Revenue for the quarter ended March 31, 2014 increased 2.6% to $15.7 million compared to $15.3 million in the first quarter of 2013 due primarily to increases in rental income and income on service contracts. Income on leases remained flat at $10.2 million, and rental income was $2.7 million, an increase of $0.2 million from the same period last year. Other revenue components contributed $2.8 million, an increase of $0.2 million from the same period last year.

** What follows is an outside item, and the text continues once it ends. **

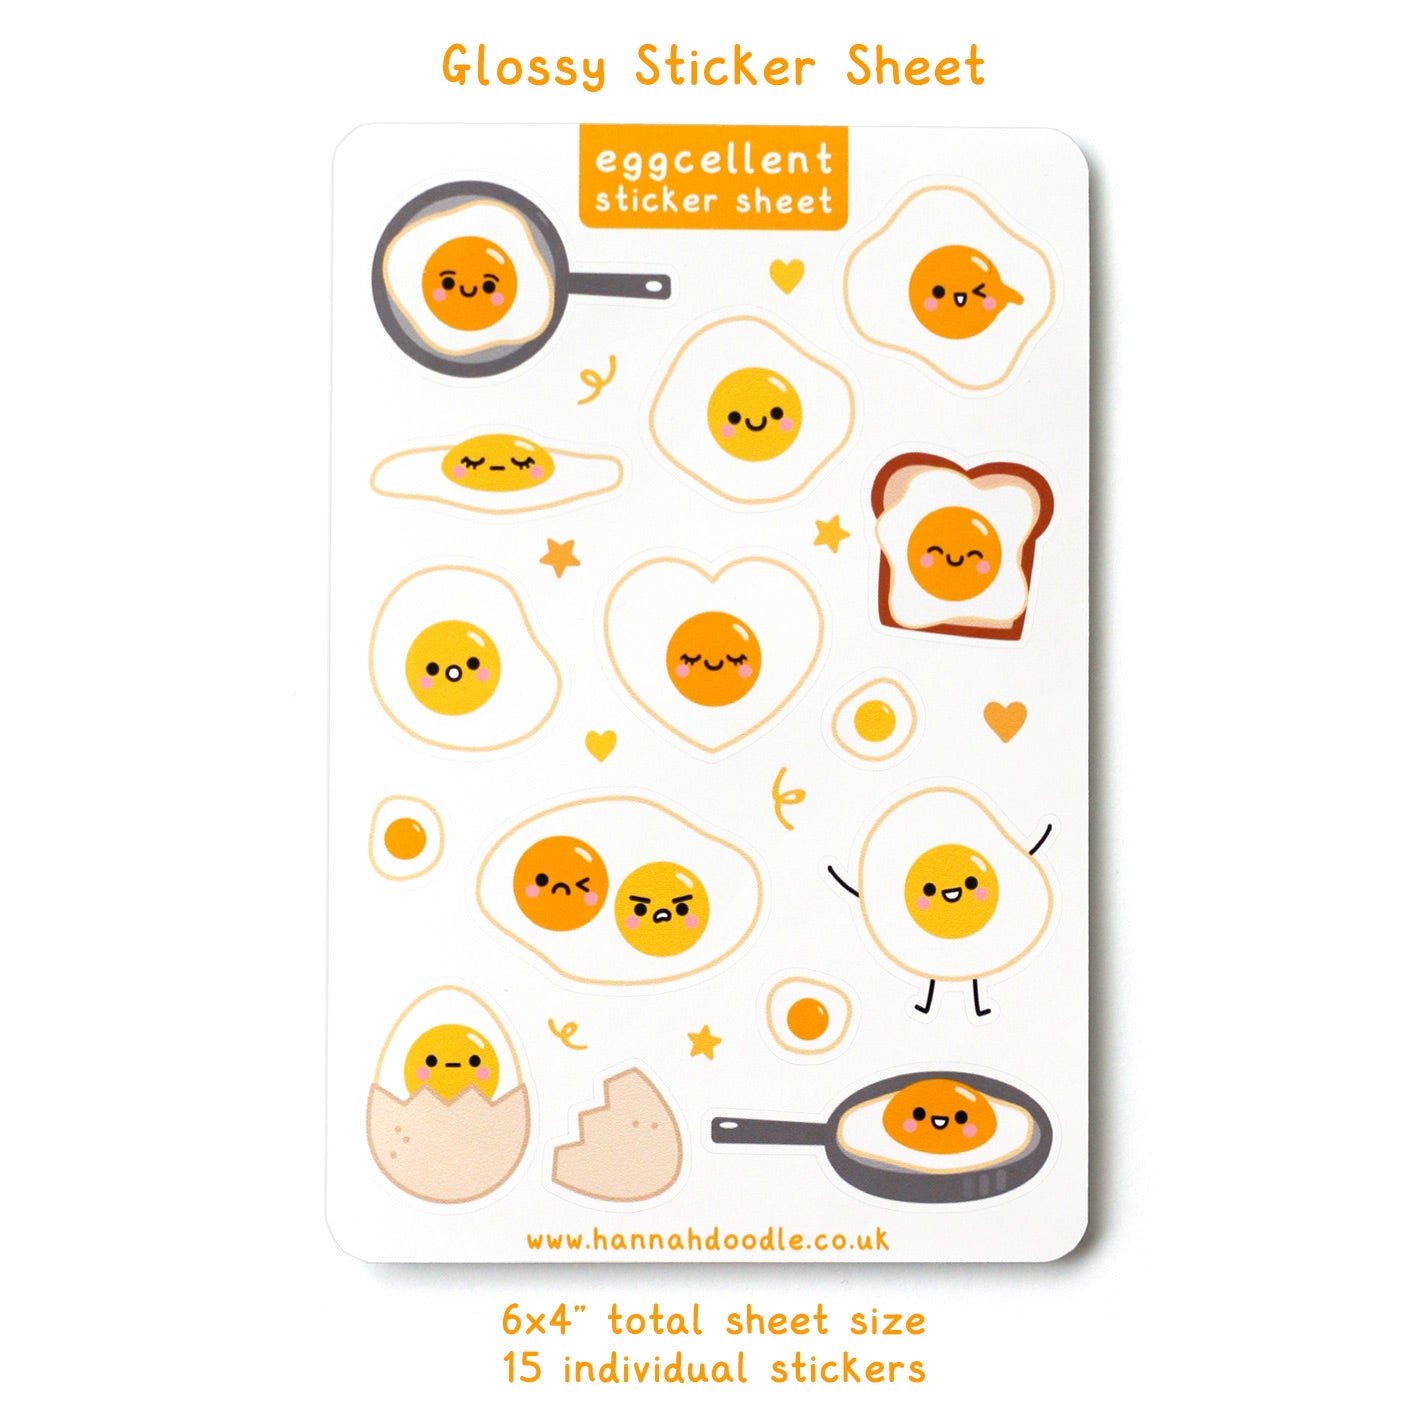 Egg Sticker Sheet Details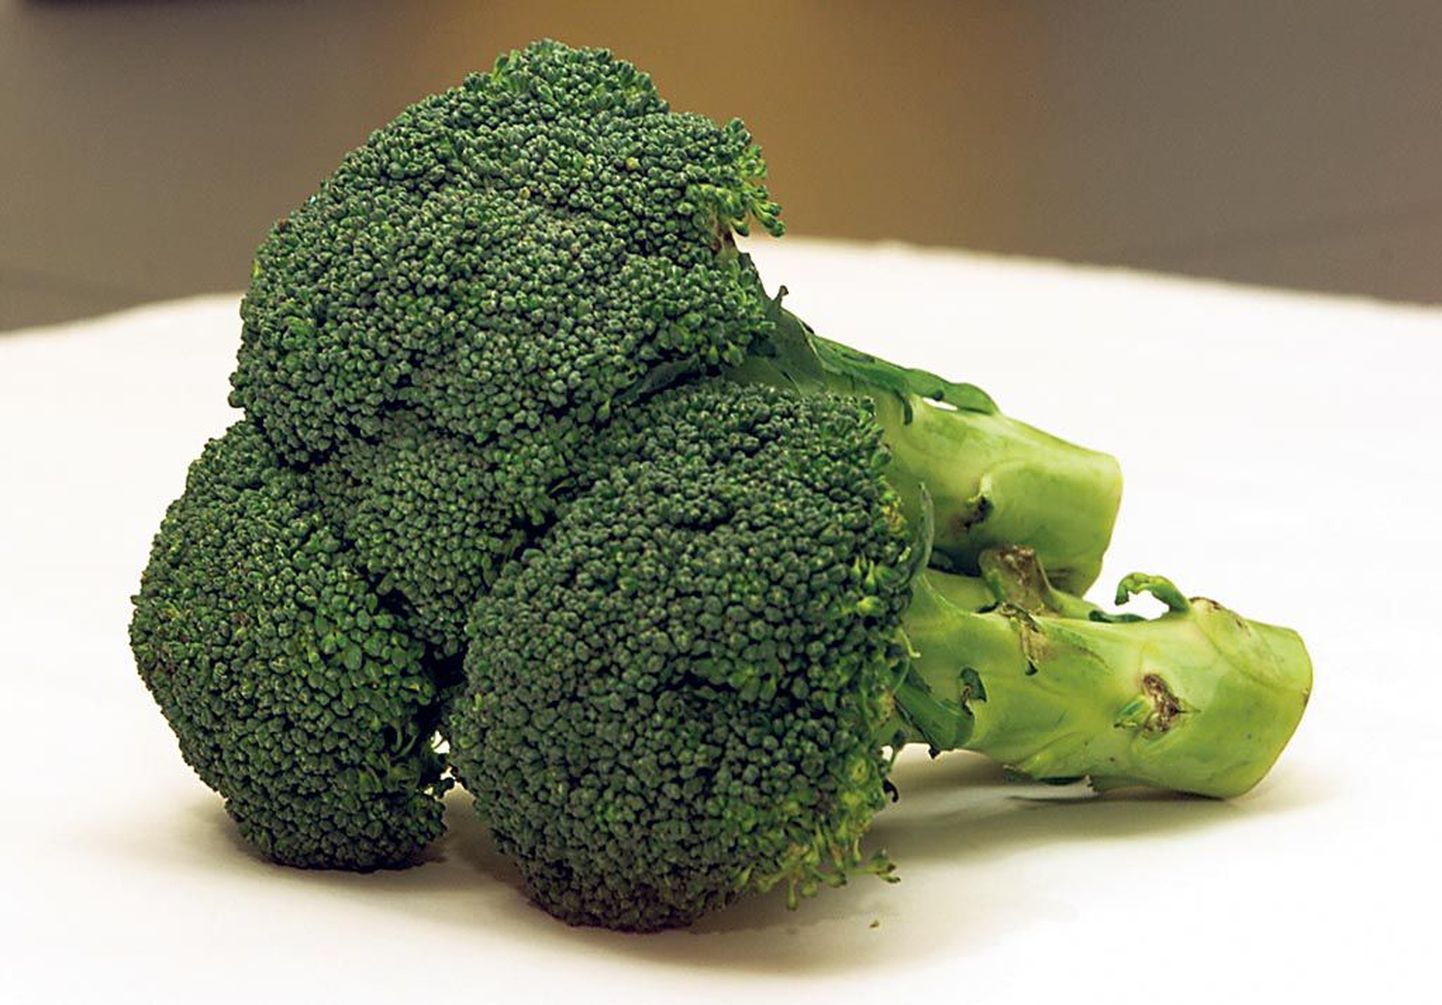 Spargelkapsast ehk brokolit peetakse tervisele väga kasulikuks taimeks.

Total operating expenses for the quarter increased 4.2% to $12.0 million from $11.5 million in the first quarter of 2014. Selling, general and administrative expenses increased $0.1 million to $4.8 million from $4.7 million for the same period last year primarily due to increases in personnel related expenses. The first quarter 2014 provision for credit losses increased to $5.0 million from $4.9 million in the same period last year. First quarter 2014 net charge-offs increased to $5.8 million from $4.2 million in the comparable period of 2013 and include recoveries which increased slightly to $1.5 million from $1.4 million. Depreciation and amortization expense for the first quarter of 2014 increased $0.2 million to $1.5 million as compared to the first quarter of 2013 due primarily to an increase in the number of TimePayment contracts coming to maturity and converting to rentals as well as an increase in the number of service contracts.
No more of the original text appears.